Pouca gente conhece nossos valores femininos

* Gesiel Júnior
A crônica histórica, em geral, vem sendo contada por homens sobre outros homens, o que muitas vezes relega a atuação da mulher a um papel coadjuvante nessa construção, apenas com pequenos destaques.
A realidade, entretanto, é outra e se torna importante resgatar a participação feminina na construção da história avareense, partindo da nativa e da desbravadora, passando pela escrava, senhora, proprietária, operária, nobre, anônima, professora, esposa, mãe, prostituta, boia-fria, fazendeira, terminando na mulher atual, emancipada e dona de seu destino.
Nas origens do Rio Novo, já no fim do regime imperial, o papel feminino era especialmente restrito ao ambiente familiar e doméstico. Isto porque o sistema patriarcal desenvolvido na colonização portuguesa restringiu as mulheres ao zelo da casa e à assistência moral da família.
A repressão à mulher consolidava-se com a subserviência com a qual tinham que tratar os homens, sob a alegação que eles lhe provinham o sustento. Por volta de 1860 a legislação até estendeu o direito ao ensino primário às mulheres, mas na prática elas continuavam excluídas.
Numa busca atenta em documentos históricos consegue-se detectar a influência de algumas mulheres. Daquelas que aceitaram enfrentar barreiras impostas pelo machismo, preconceito e hipocrisia predominantes na sociedade oitocentista.
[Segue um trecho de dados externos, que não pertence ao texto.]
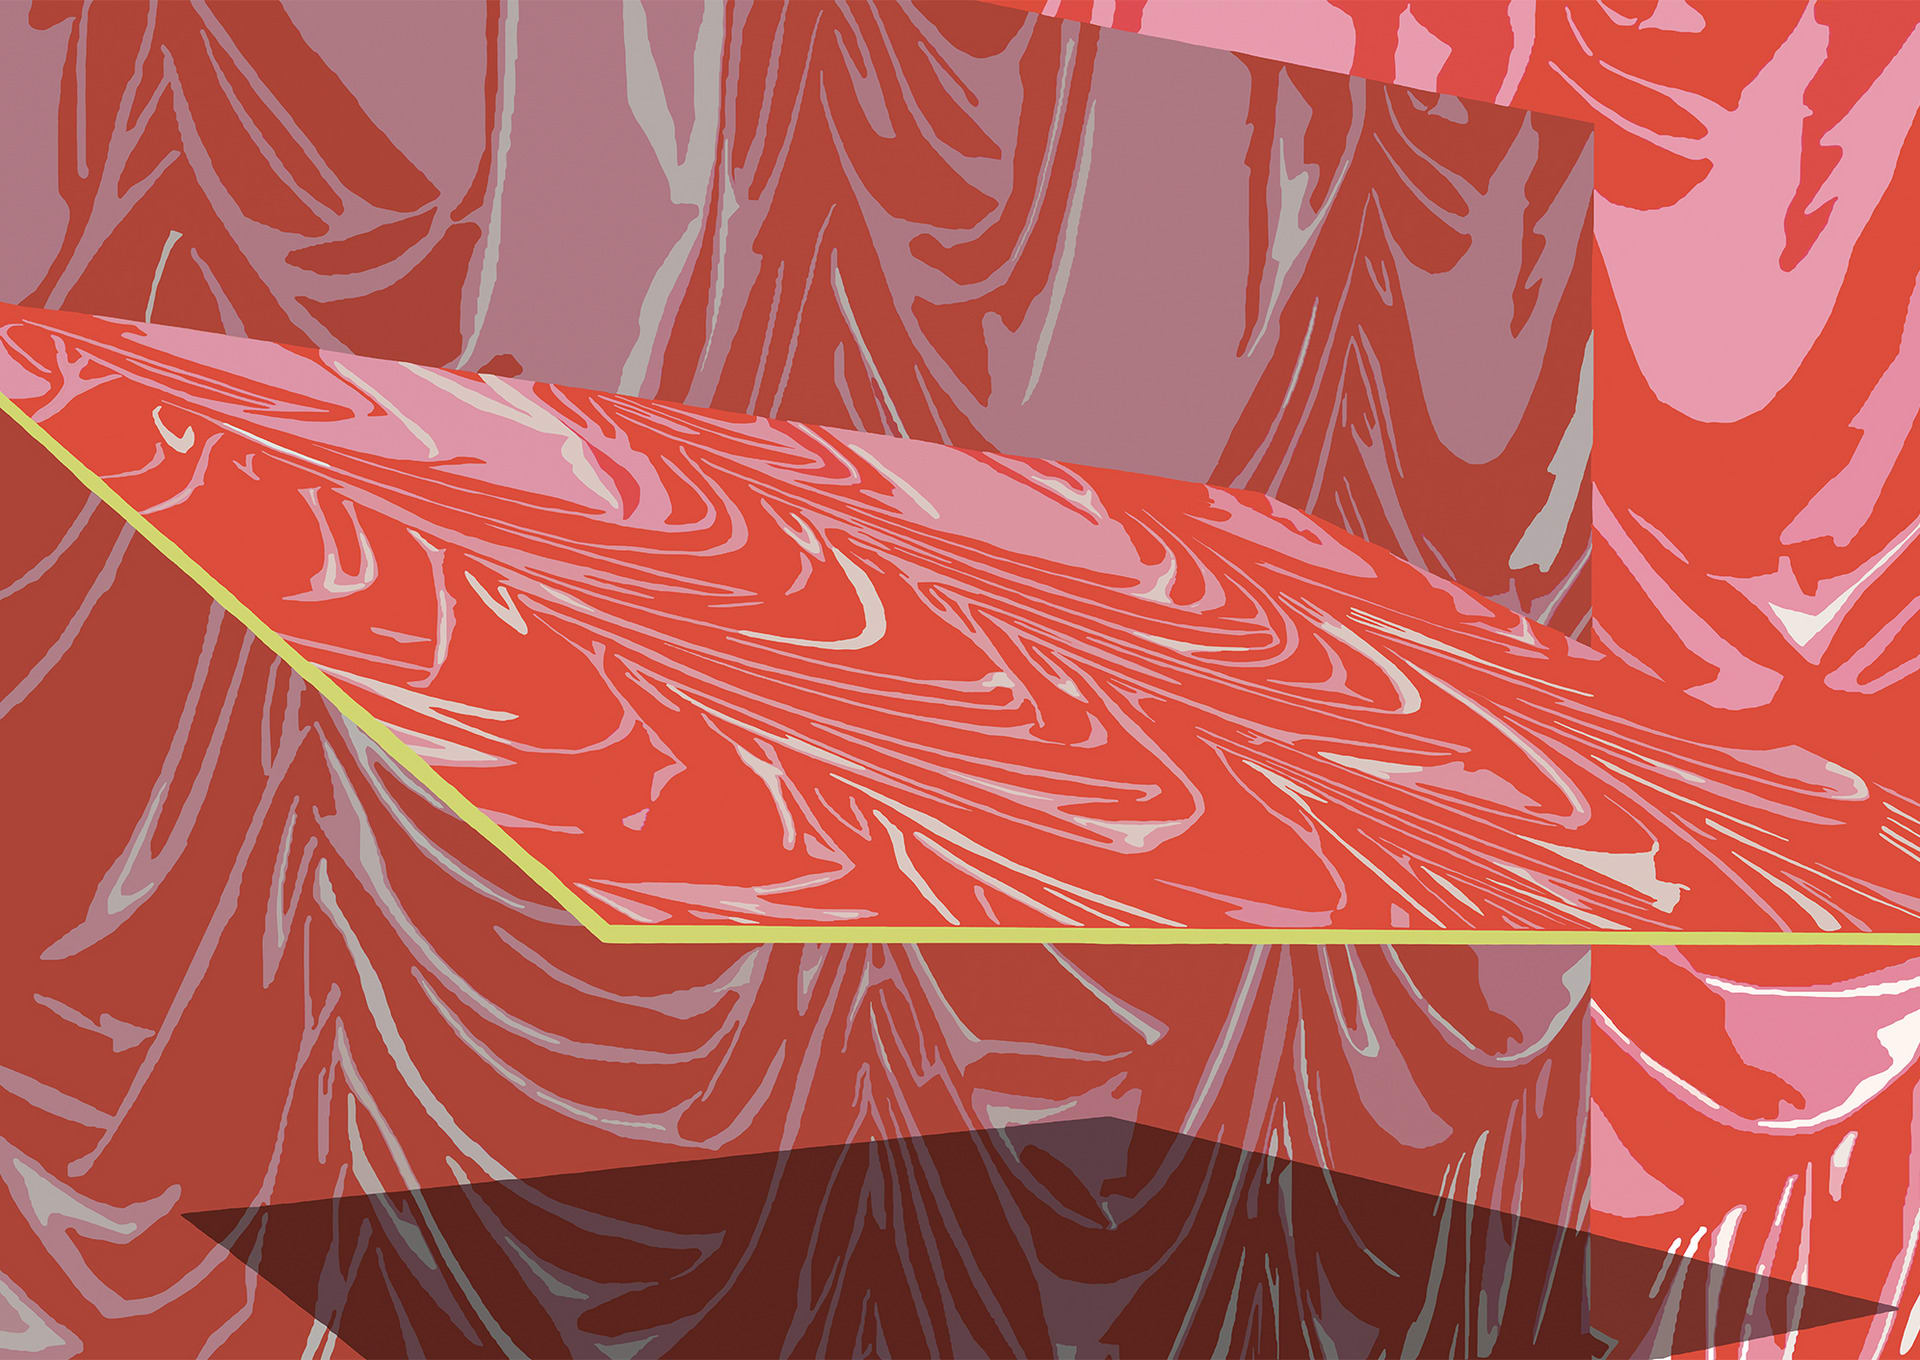 Levitating planes of vibrant abstracted curtain folds of red, pink and yellow

Ainda que de maneira discreta, a pesquisa nos leva a reconhecer na espiral do tempo mulheres de fibra. Por quê? Porque na sua vivência corajosa elas não se curvaram e nem se entregaram. Ao contrário, buscaram seu espaço palmo a palmo, com suor e devoção para que na atualidade outras tantas pudessem romper os percalços e conquistar um lugar digno ao lado do homem.
Pioneirismo, bravura e força
Das nativas caiuás nada se conservou infelizmente. Das esposas dos sertanistas, dois nomes aparecem grafados na escritura de doação das terras do patrimônio: os de Gertrudes de Oliveira e de Gertrudes Maria da Luz, casadas, respectivamente, com o major Vitoriano de Souza Rocha e com o alferes Domiciano José de Sant’Ana, os principais fundadores.
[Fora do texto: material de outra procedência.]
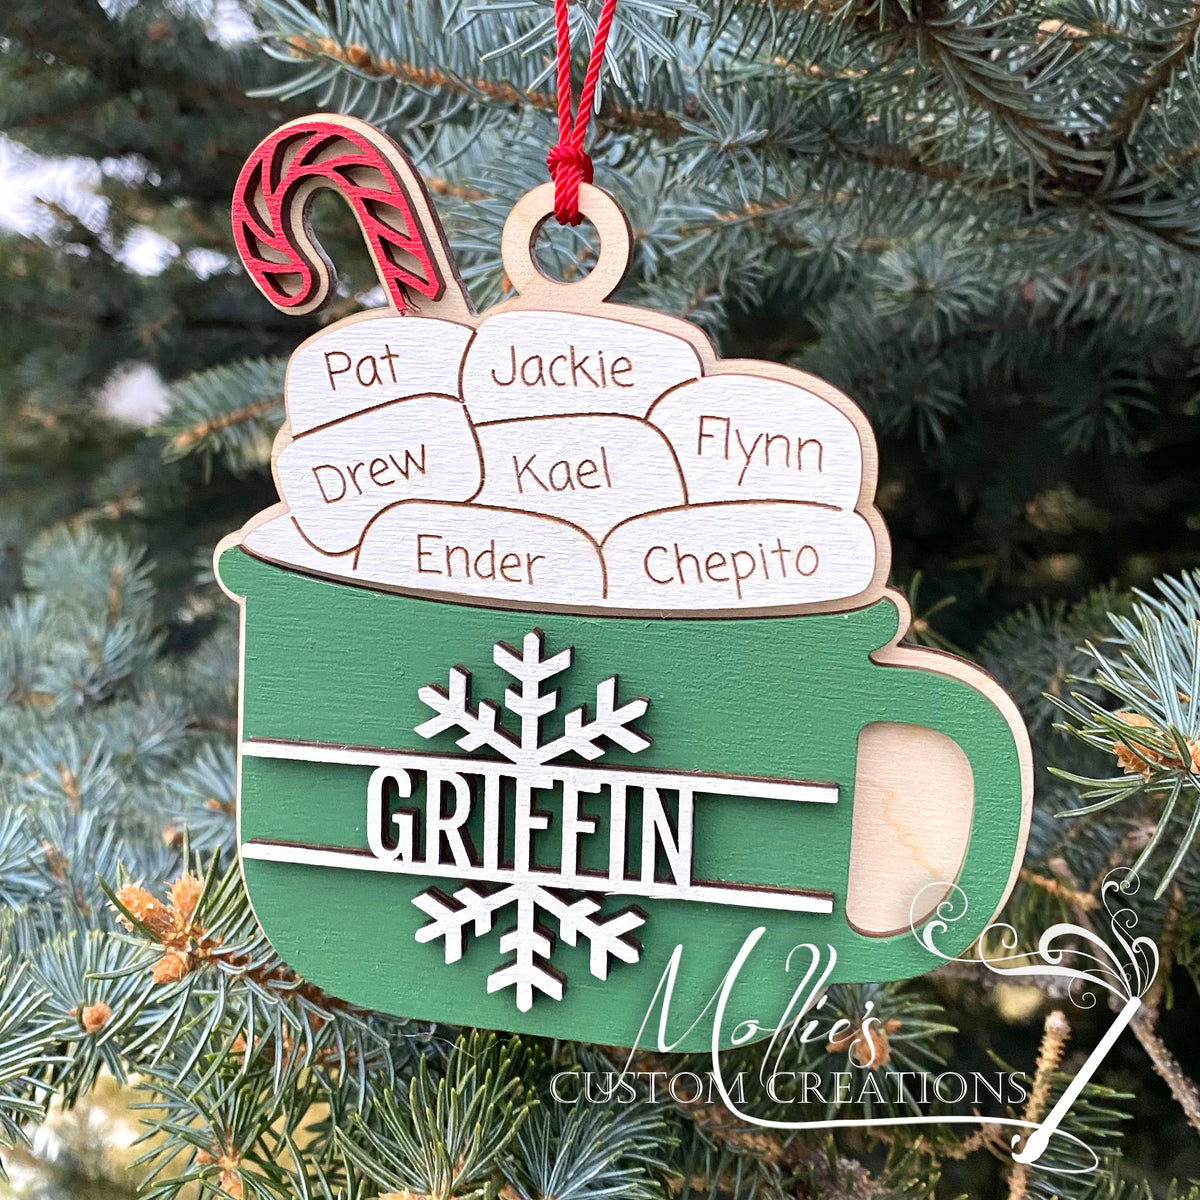 Family Christmas Ornament with Round Baubles, Personalized with Names –  Mollie's Custom Creations

Em 1869, no primeiro recenseamento feito nas redondezas do arraial, havia 2.042 moradores, dos quais 953 eram mulheres.
Nesse tempo a doceira Ana de Góis é citada por Jango Pires como a primeira a vender pães caseiros, pois na vila ainda não havia padaria.
O mesmo cronista registra a morte de Bárbara Fé do Nascimento, em 1879, mãe do major Francisco Theobaldo Pinto de Melo, o primeiro presidente da Câmara de Vereadores do Rio Novo. “Ela era política e de muito prestígio eleitoral, era mandona”, escreveu Jango referindo-se à líder do Partido Monarquista, os Cascudos.
Ao longo do século vinte e nos primeiros anos deste milênio houve, felizmente, a projeção de avareenses natas, sobretudo, nos campos da cultura.
Assim é justo e oportuno louvar as poetas Anita Ferreira De Maria e Léa Silva; as artistas plásticas Djanira da Motta e Silva, Estela Gambini, Nilva Calixto, Raquel Taraborelli e Rosane Gauss; as memorialistas Sophia Jobim e Flora Bocci; as cientistas Diva Diniz Corrêa, Christina Ramires Ferreira e Heloísa Rutigliano; as educadoras Marcelina Novaes, Nadir Kfouri, Laurinda Ramalho de Almeida, Leila Ignatius Grassi e Maria Aparecida Custódio, e as jornalistas Alda do Amaral Rocha e Jane Mary Guimarães Lutti, as quais ressoam suas vidas admiráveis na voz consonante da cantora e arte-educadora Lucila Novaes.
Mulheres… célebres ou não, todas avareenses maravilhosas!

*Pesquisador e cronista, Gesiel Júnior, 61, é autor de 54 livros sobre a história de Avaré e região.